Embedded Racism
- First edition
- Author: Debito Arudou
- Genre: Non-fiction
- Publication date: 2015

= Embedded Racism =

2015 book by Debito Arudou

Embedded Racism: Japan's Visible Minorities and Racial Discrimination is a 2015 non-fiction book by Debito Arudou, published by Lexington Books.

The book discusses how in Japan the concept of the Yamato people and Japanese citizenship are closely intertwined and how that affects non-Yamato Japanese citizens. Jeff Kingston, director of Asian Studies at Temple University Japan, wrote in The Japan Times that the book is "a fuller scholarly elaboration" of the author's beliefs regarding "politics, policies and perils of an exclusionist national identity". Within the book Arudou contrasts the treatment of people who conventionally appear Japanese, defined as Wajin (Yamato people), versus people who do not, known as "visible minorities", regardless if the latter have Japanese citizenship or are citizens of other countries. The book states that people with Japanese appearances have societal advantages over citizens and non-citizens who are not visibly Japanese, and therefore the latter can be discriminated against on the basis of their races.

Rebecca Chiyoko King-O'Riain of Maynooth University stated that undergraduate university students seem to be the primary market for this book. Tessa Morris-Suzuki of Australia National University stated that "the deep-seated assumption" that every person with an appearance differing from the typical Japanese person is not a Japanese person is a recurring "central issue".

The second edition was released in November 2021.

==Background==
Arudou, originally an American and who became a Japanese citizen, and described by Morris-Suzuki as "of relatively ‘Caucasian’ appearance", used his PhD thesis as the basis of this book, and he also included details from his previous activism. There was an instance where an onsen owner had allowed his then-wife and one of his children entry, but not Arudou and the other child, as the former two appeared like Japanese people. Arudou detailed this incident in his book.

==Content==
The introduction discusses critical studies on race. The body of the book has five sections.

In the first, "The Context of Racism in Japan," Arudou discusses how physical appearance is used to determine whether or not a person is "Japanese" and how racism there has subtlety. This section has two chapters, with the second discussing the country's history of racism.
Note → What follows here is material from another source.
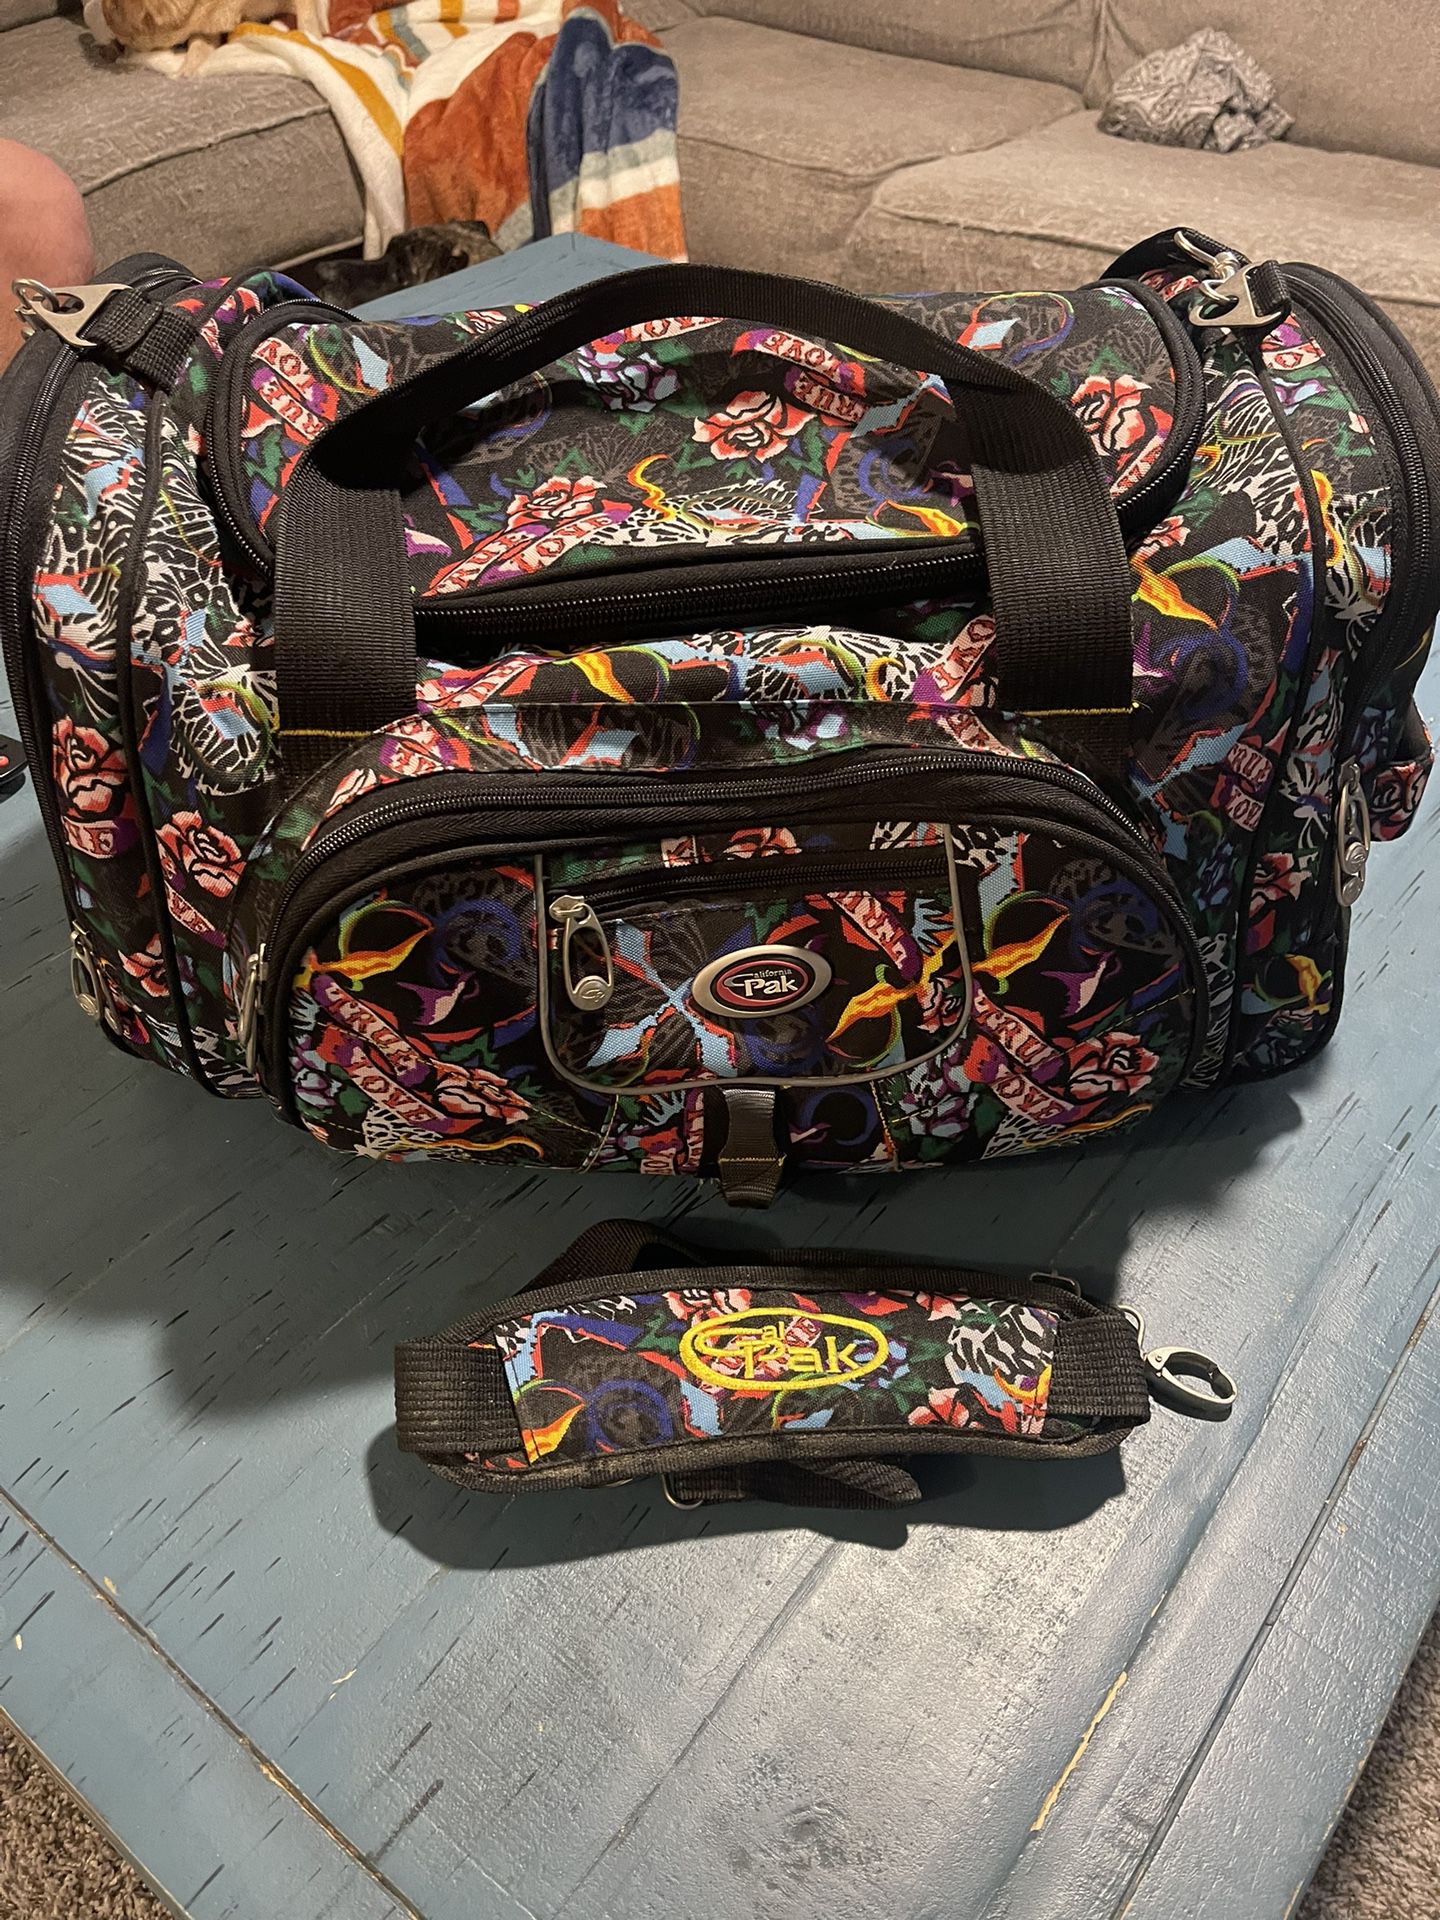 Cal Pak Travel Bag Duffle Bag Floral
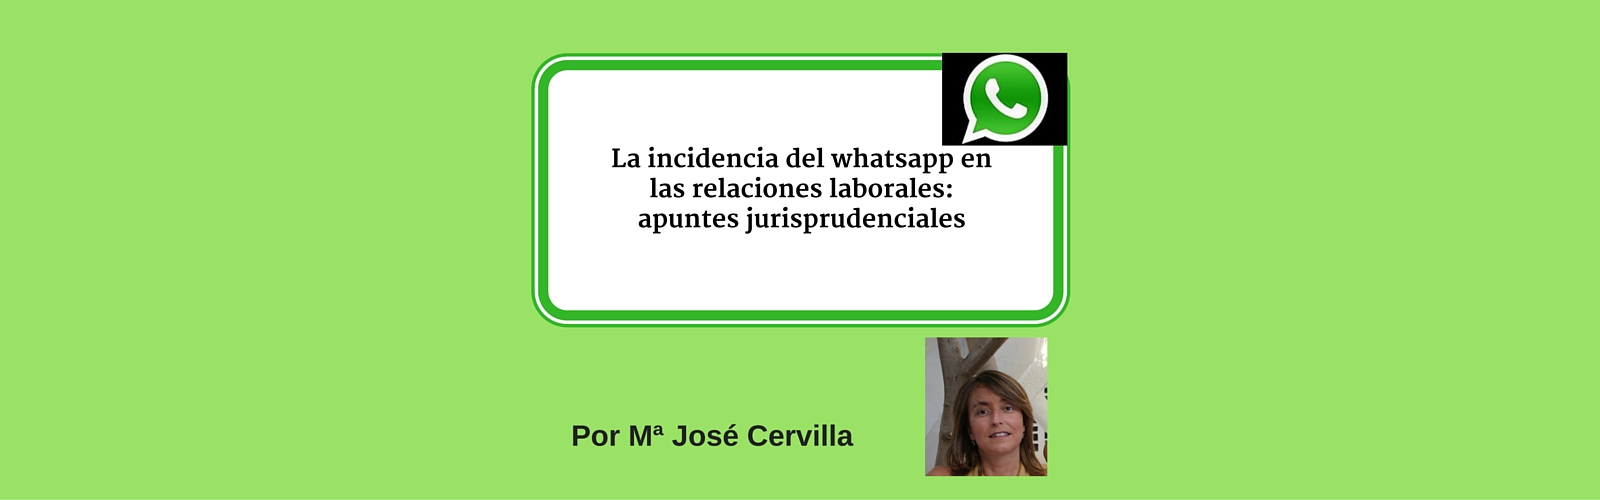 La incidencia de Whatsapp en las relaciones laborales: apuntes jurisprudenciales. Por Mª José Cervilla.

Section II, with one chapter, has information on the Otaru onsen discrimination case, as well as signs saying that only "Japanese people" are allowed at certain establishments. Arudou had previously written about the topic.

Racial discrimination in Japanese society is covered in the third, "The construction of Japan’s embedded racism’." Four chapters, numbered four through seven, are in this section. They discuss, respectively, the ties between legal rights in the country and the Yamato ethnicity, how one's appearance determines how Japanese someone is according to governmental bureaucracies, issues involving the legal system, and representation of foreigners in the Japanese media.

The fourth section includes information on how the Japanese government reacted to the 2005-2006 United Nations investigation and other accusations of racism in Japan made by foreign parties, as well as activism opposing racism in Japan; only one chapter is in this section.

The fifth section contains information about the consequences of systemic racism and Japan and the book's conclusion; two chapters are in this section. Here the author discusses race theory and makes his case that the Japanese government and society should change course and recognize that people of other ethnicities can improve Japanese society. Morris-Suzuki stated that the recommendation were "clear and cogent" although she felt that Arudou was not having "great optimism" about what may come next.

==Reception==
Robin W. Aspinall of Doshisha University wrote that the book was "very welcome" due to the hitherto lack of material covering racism in Japan. He concluded it is "highly recommended reading to anyone—whether they self identify as Japanese or foreign or both—who is interested in Japan’s future."

Ralph Ittonen Hosoki of University of California, Irvine described the book as "a timely and important contribution to social and scholarly debates about racial discrimination in Japan."

King-O'Riain wrote that it "makes an important contribution for those wishing to understand racism in Japan better". She in particular praised the fifth chapter as the "strongest", and the final section as "the most interesting contribution to the field in my view."

Morris-Suzuki wrote that the book is "an important, courageous and challenging book".